The point I was making in posting the linear model for Acros was that there was very little difference in practice between working from the power or linear model with this film. The attached chart shows percentage error for each model over the range of the experiment that found any reciprocity correction necessary, i.e. above 120 seconds. The linear model is -6% to +5% and the power model from -2.5% to +0.58%. The power model and your model are obviously better fits, but the linear model is perfectly usable in practice.
I thought Andre's numbers looked familiar, and I found them at http://home.earthlink.net/~kitathome...eciprocity.htm where I'd seen them before. The page states that these numbers for Acros are preliminary, the third test roll that the author shot. He lays out his procedure there, and claims an accuracy of approximately 0.02 log density units with his Pentax spotmeter and a light table, and an ability to get within 1/15th of a stop in typical tests. However, the first three data points in his results, at adjustments for 80, 160, and 240 seconds, show variations of 5% or less from the base times. In other words, three of the six data points used for the curve fitting are below the accurate measurement threshold given by the author, so I don't see the point in belaboring a fit to marginal data.
You could find the author of CurveExpert and request that he change his choice of default quality of fit statistics. I wondered about that as well.
Thanks for the correction- I was simply using your chart to add numbers- it's obviously way more complicated than that.
Originally Posted by gainer
I'm ashamed because I'm supposed to be a reasonably competent person (I do instruments and calibration for a living)...but this math is just way over my head for use in the field- Maybe someone somewhere has come up with a simple additive chart that I could understand.

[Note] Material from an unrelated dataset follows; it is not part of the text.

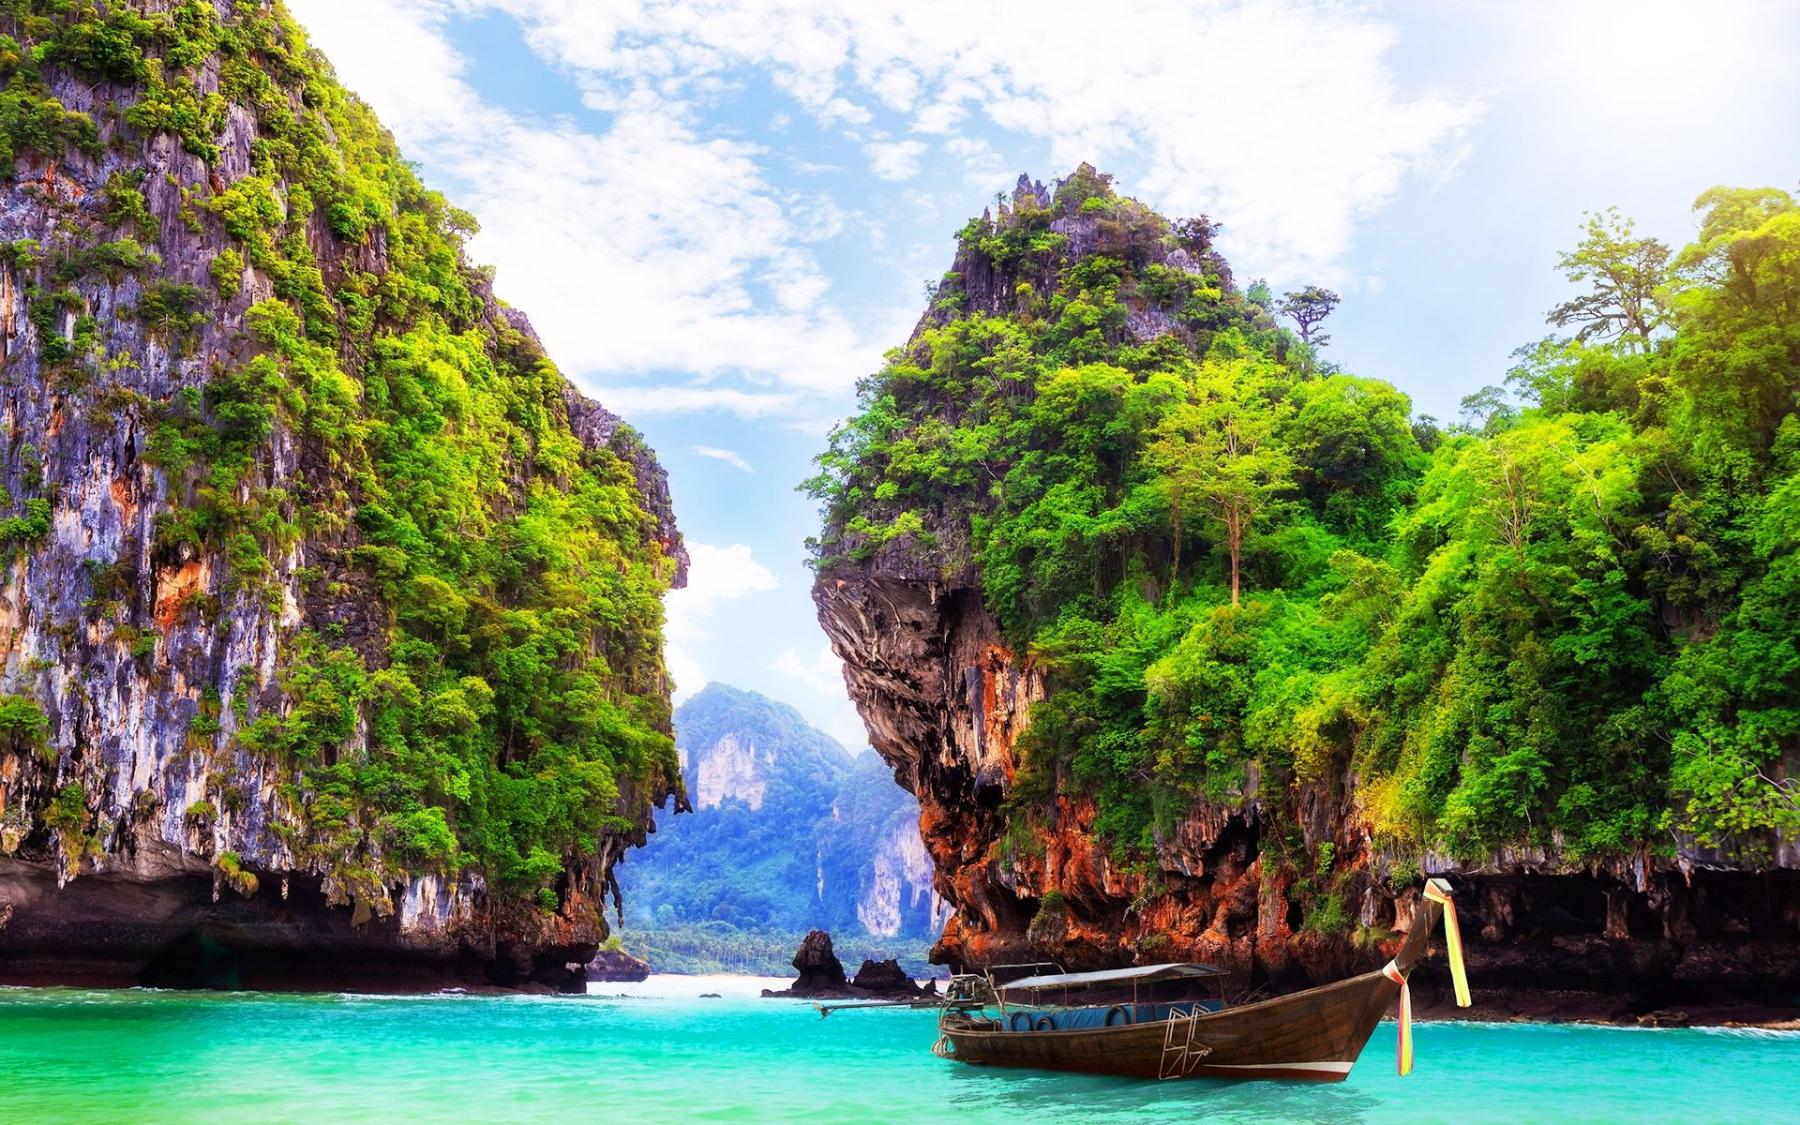 Thailand: Finding Bliss Amidst Nature

It sure is neat to have exposure to scientific people of this caliber on a board of mostly us "artsy" types- I salute your superior grey matter fellas!- but I have no clue - how does one perform the function "^"?
The ^ symbol means "to the power of". It is not something one can do with paper and pencil unless the number on the right is an integer. Thus, 2^2 means 2 raised to the power of 2 which is simply 4, but 2^1.62 is not so easy. The TI30XIIS pocket calculator and many others have a key with that symbol. Using it, I find that 2^2=4 and 2^1.62=3.073750363. I am glad I didn't have to design the circuitry in that little light-powered pocket calculator. I is capable of math operations that I could not do at my desk during the 30 years of work at NACA-NASA without laborious calculation of power series on an electromechanical Friden or Marchant desk calculator.
Originally Posted by ghost
We use our grey matter to pursue knowledge along paths which are mysteriously chosen from among many available ones. I consider myself lucky that others who have pursued other paths have shared the fruits of their pursuits, and am happy to be able to share what I have found along my path.